ZGN heads into its May 4 first-quarter results as one of the most decisively bullish options setups in the luxury space right now.
The options market is the clearest signal. Call demand has swamped puts so aggressively that the put/call ratio has collapsed to 0.38 — nearly two standard deviations below its 20-day average of 0.80. That is the most one-sided bullish reading in the recent history of the name, sitting near the 52-week floor and a complete reversal from the defensive stance that prevailed through much of April, when the PCR ran above 1.0. The stock has validated that optimism: ZGN has added 19% in the past month, closing at $12.44, with another 2.6% added on Friday alone.
Short interest tells a different, quieter story. Bears hold just 1.4% of the free float, a position that has ticked up roughly 9% over the past week but remains too modest to constitute a meaningful headwind. Borrowing costs are negligible at 0.9%, and borrow availability is ample, meaning no squeeze dynamics are in play. The ORTEX short score has edged higher to 60.4 over the past two weeks — consistent with a slow rebuild in bearish positioning — but this is far from an extreme reading. The lending market is not charged.
The analyst debate reflects the stock's dramatic recovery from its lows. TD Cowen raised its target to $13 on May 1 while keeping a Hold — a tacit acknowledgment of the momentum without conviction. The broader Street consensus sits at a mean target of $10.80, which is actually below the current price, implying the analyst community as a whole has been caught behind the move. JP Morgan initiated at Overweight last September with an $11 target. Morgan Stanley carries an Underweight. The bull case rests on Zegna's direct-to-consumer premiumisation push and the Thom Browne brand's recovery potential; the bear case centres on luxury demand fragility in a macro slowdown and the stock's valuation re-rating — the P/E has expanded to 23x trailing earnings on an EPS of just $0.48, and EV/EBITDA now runs near 7.6x on estimated revenues of roughly $2.35 billion. EPS momentum over the past 30 days is in the 95th percentile, a standout score, though that strength is markedly weaker on a 90-day view (59th percentile), suggesting the revision tide is still finding its level.
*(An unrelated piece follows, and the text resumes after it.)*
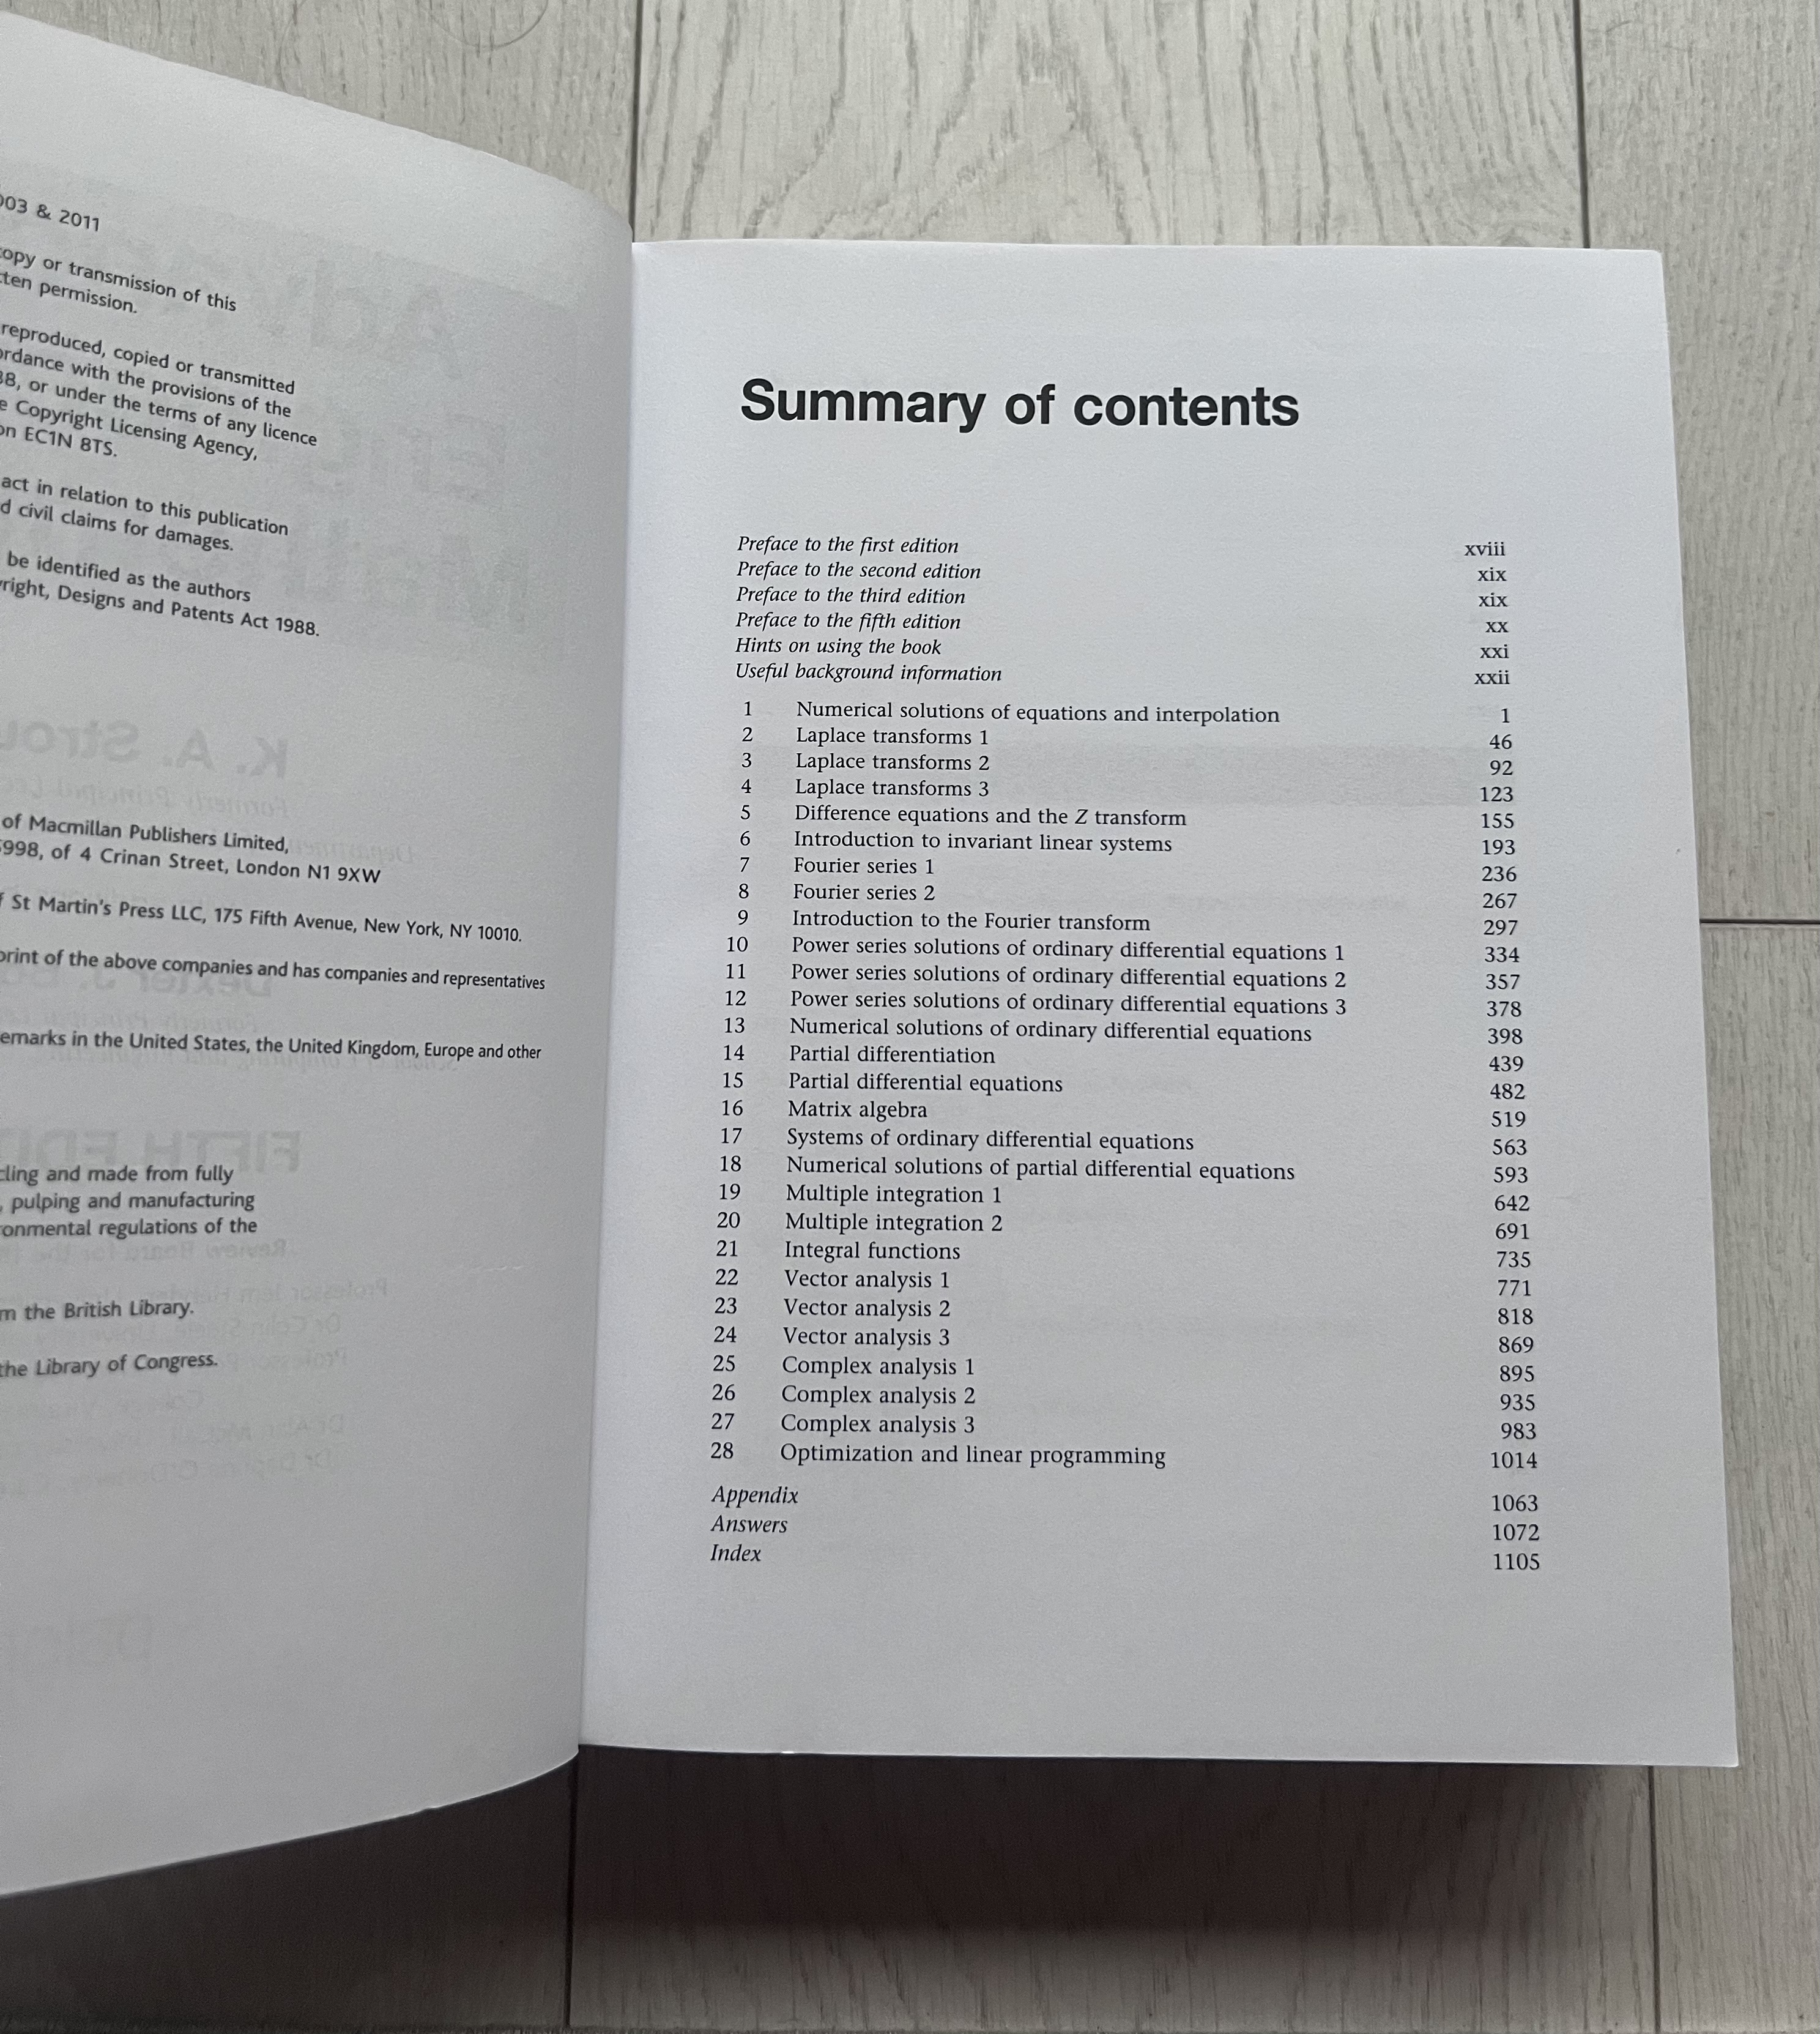 Summary of table of contents

Ownership is tightly held. The founding Zegna family vehicle Monterubello controls 57% of shares, and Temasek holds another 10%. Barrow Hanley added 1.8 million shares as of January. That concentrated structure limits float and amplifies any price move on the print. The most recent comparable quarterly event, in March, produced an 8.2% single-day gain — the print will test whether the current options optimism and 19% monthly run-up are supported by a revenue picture that justifies the market's decision to run ahead of analyst targets.